__ABOUT THIS TASK__
Leave the pictures out, and transcribe the material below exactly from the line with "Michael David Winery, Earthquake" to the line with "Banner-bayrol-prodotti-chimici-w.png", both lines included.

__EXERCISE MATERIAL__
• • • • • • •
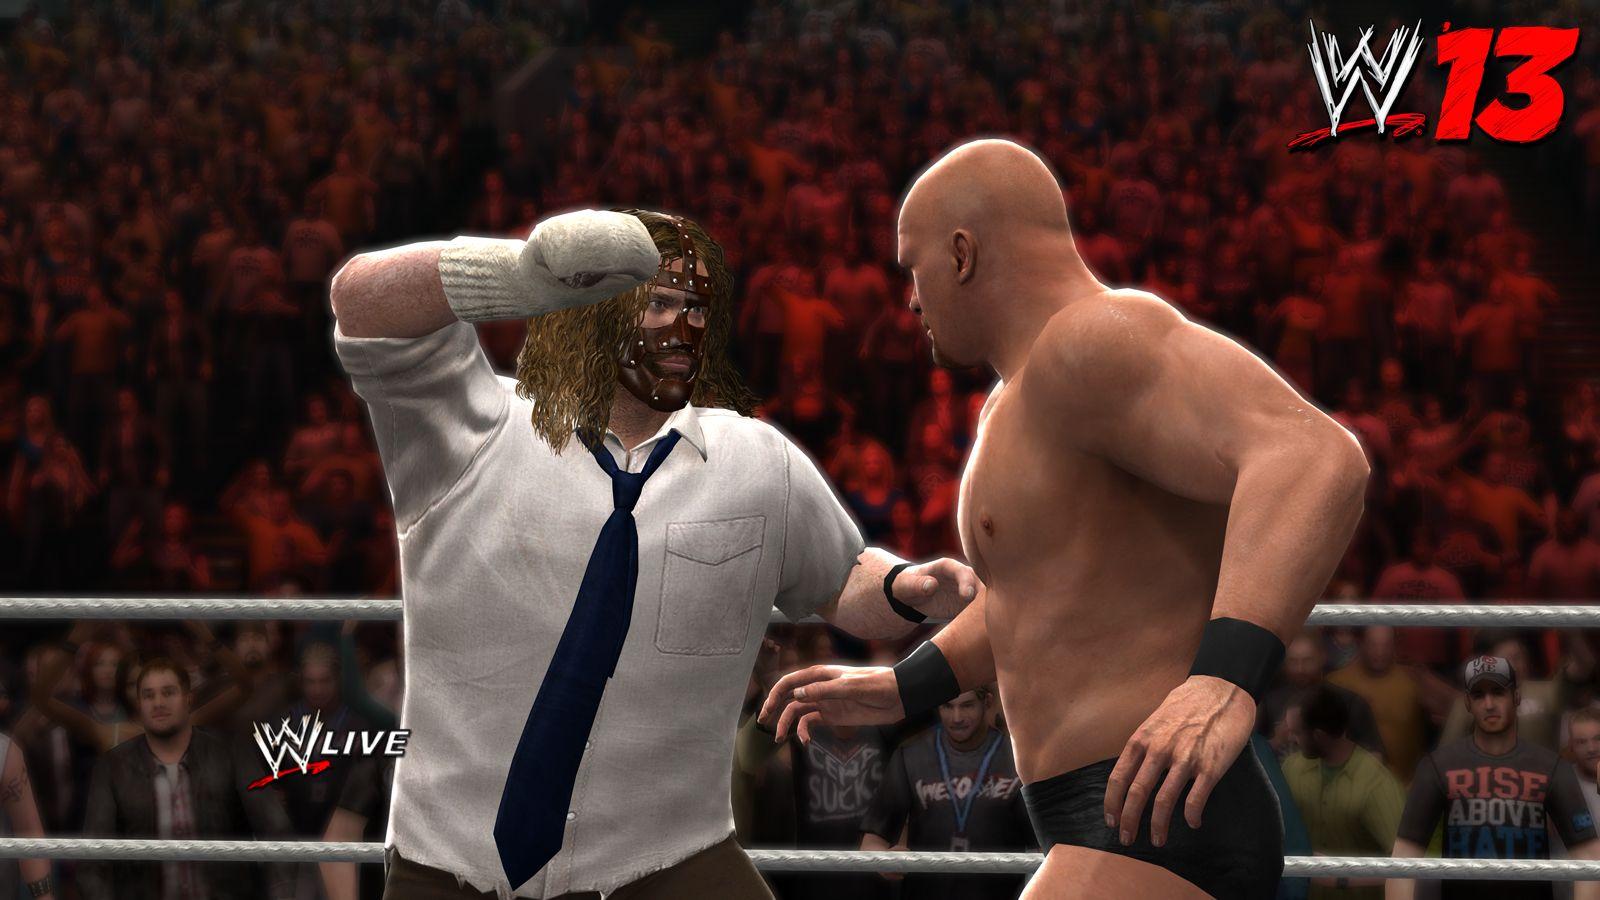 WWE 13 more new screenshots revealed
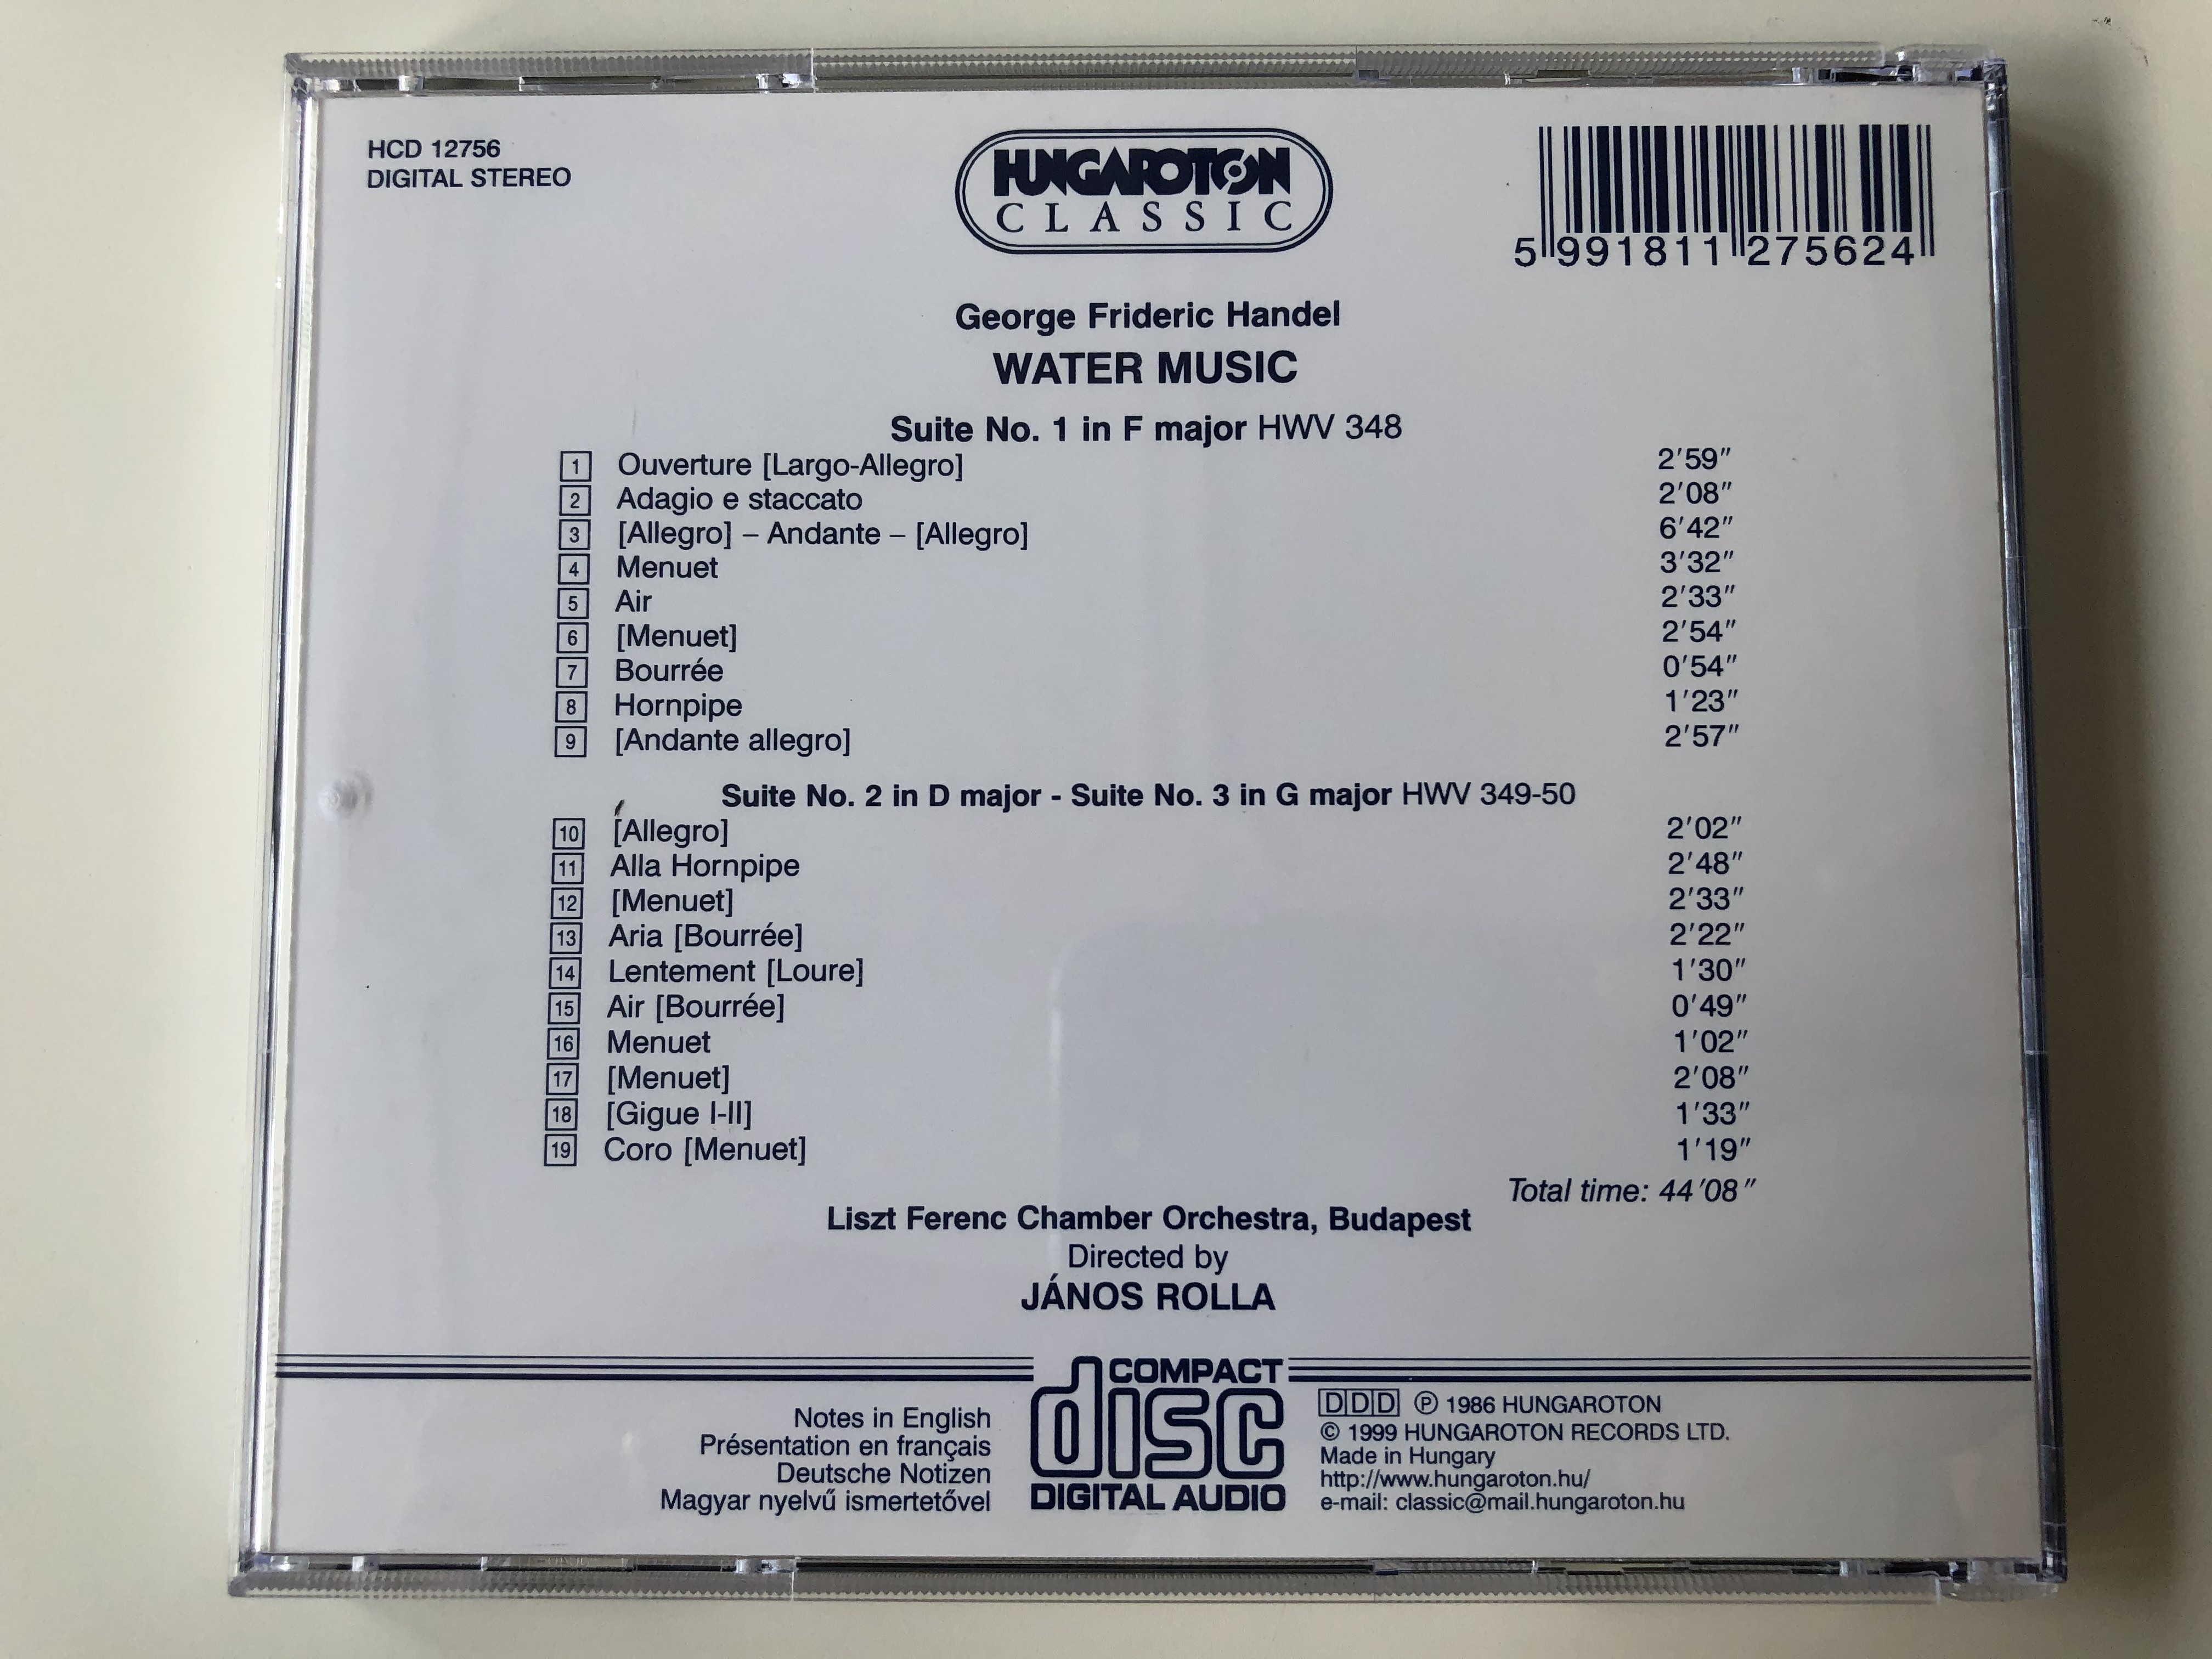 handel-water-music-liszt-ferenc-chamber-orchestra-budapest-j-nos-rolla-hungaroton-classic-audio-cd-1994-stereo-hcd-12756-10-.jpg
• • • • • • •
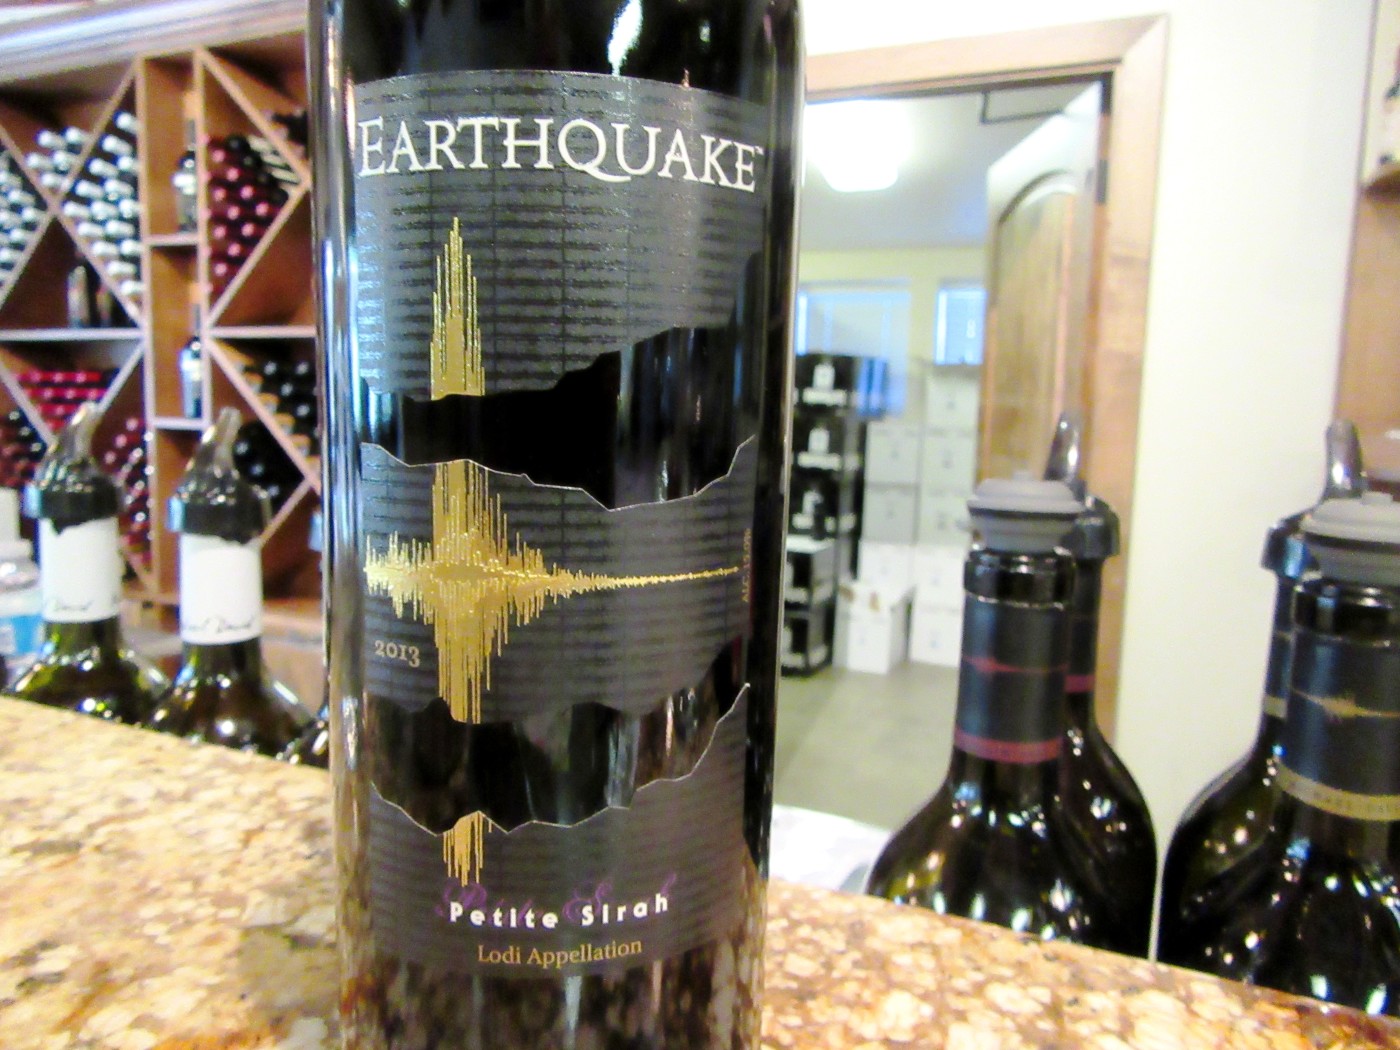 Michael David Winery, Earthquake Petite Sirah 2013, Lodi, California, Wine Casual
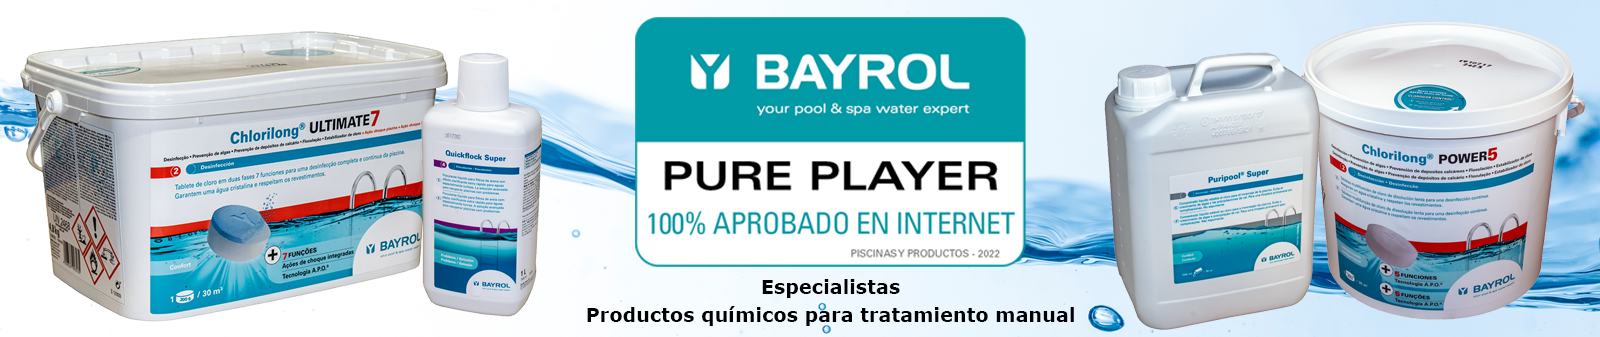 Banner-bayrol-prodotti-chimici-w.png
• • • • • • •
__COMPLETED TASK__
 Michael David Winery, Earthquake Petite Sirah 2013, Lodi, California, Wine Casual
 Banner-bayrol-prodotti-chimici-w.png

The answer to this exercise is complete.